Despite these novel findings, our study has several limitations that must be acknowledged. First, the bioinformatic analysis relies on public GEO datasets, which have inherent heterogeneity. Furthermore, CIBERSORT is an in silico deconvolution algorithm, and its immune cell estimations require validation by more direct methods like flow cytometry or single-cell RNA sequencing. Second, our experimental validations are preliminary. The IHC cohort was small (n = 9), which, as discussed, limits the conclusions that can be drawn about CTR1. Third, our functional validation was primarily conducted in Human Umbilical Vein Endothelial Cells (HUVECs). While endothelial injury is a critical initiating factor in atherosclerosis, the plaque environment is complex. Our IHC results (Figure 9) show that key genes like ATOX1 are expressed throughout the plaque tissue, suggesting their potential involvement in other cell types such as vascular smooth muscle cells (VSMCs) and macrophages. Since we did not perform in vitro experiments on VSMCs or macrophages, the specific interactions between ATOX1 and CTR1 or other cuproptosis regulators in these cell populations remain to be fully elucidated. Future studies using co-culture systems or cell-specific knockout models are needed to address this limitation.
Future research must focus on validating these findings in in in vivo animal models, such as ApoE-/- or Ldlr-/- mice. It will be crucial to determine if the five-gene signature can track plaque progression in these models and whether the C1/C2 subtypes are discernible. Most importantly, the therapeutic potential of ATOX1 inhibition (via DC-AC50) must be tested in vivo to assess its ability to reduce copper accumulation, decrease inflammation, and promote plaque stability.

Supplementary Materials

The following supporting information can be downloaded at: https://www.mdpi.com/article/10.3390/biomedicines13122983/s1, Figure S1: the immune factors affecting the instability of atherosclerotic plaque.

Author Contributions

M.M., T.H. and H.Z. performed the data analysis and drafted the manuscript. J.W. (Jiahe Wu) and J.W. (Jingjing Wan) prepared the figures and contributed to the study design. T.Z., Y.H. optimized the analysis protocol and contributed to the writing of the manuscript. H.C. and Z.L. revised the figure design and supervised the study. All authors have read and agreed to the published version of the manuscript.

Funding

This study was supported by National Natural Science Foundation of China (82070425, 82270402), the Natural Science Foundation of Hubei Province of China (2021CFA011, 2022CFB704), the Basic and Clinical Medical Research Joint Fund of Zhongnan Hospital, Wuhan University (ZNLH202210), and the Program of Excellent Doctoral (Postdoctoral) of Zhongnan Hospital, Wuhan University (ZNYB2020027).

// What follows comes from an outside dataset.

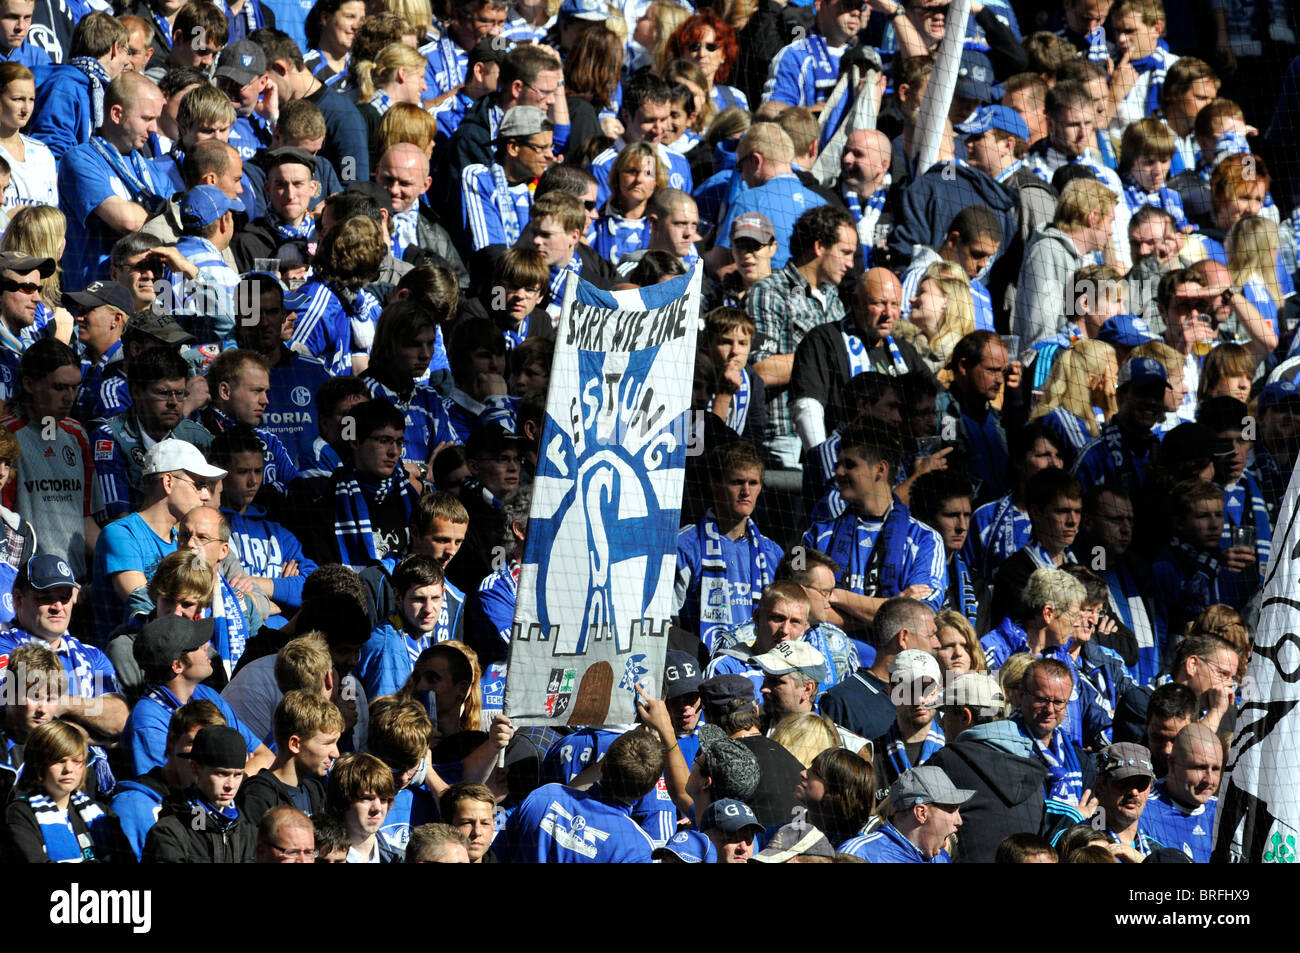 spectators in the Arena auf Schalke support german football club Schalke 04 with large banners in Gelsenkirchen, Germany Stock Photo

Institutional Review Board Statement

This study was approved by the Medical Ethics Committee Zhongnan Hospital of Wuhan University (IRB number: 2021009, approval date: 25 June 2025). The patients/participants provided written informed consent to participate in this study. This study complies with the Declaration of Helsinki.

Informed Consent Statement

Informed consent was obtained from all subjects involved in the study.

Data Availability Statement

The data that support the findings of this study are openly available in GEO database at https://www.ncbi.nlm.nih.gov/ (accessed on 15 December 2023).

Acknowledgments

We sincerely appreciate the researchers for providing their GEO database and MsigDB v7.0 database information online, and we are truly honored to acknowledge their contributions.

Conflicts of Interest

The authors declare that the research herein was conducted in the absence of any commercial or financial relationships that could be construed as a potential conflict of interest.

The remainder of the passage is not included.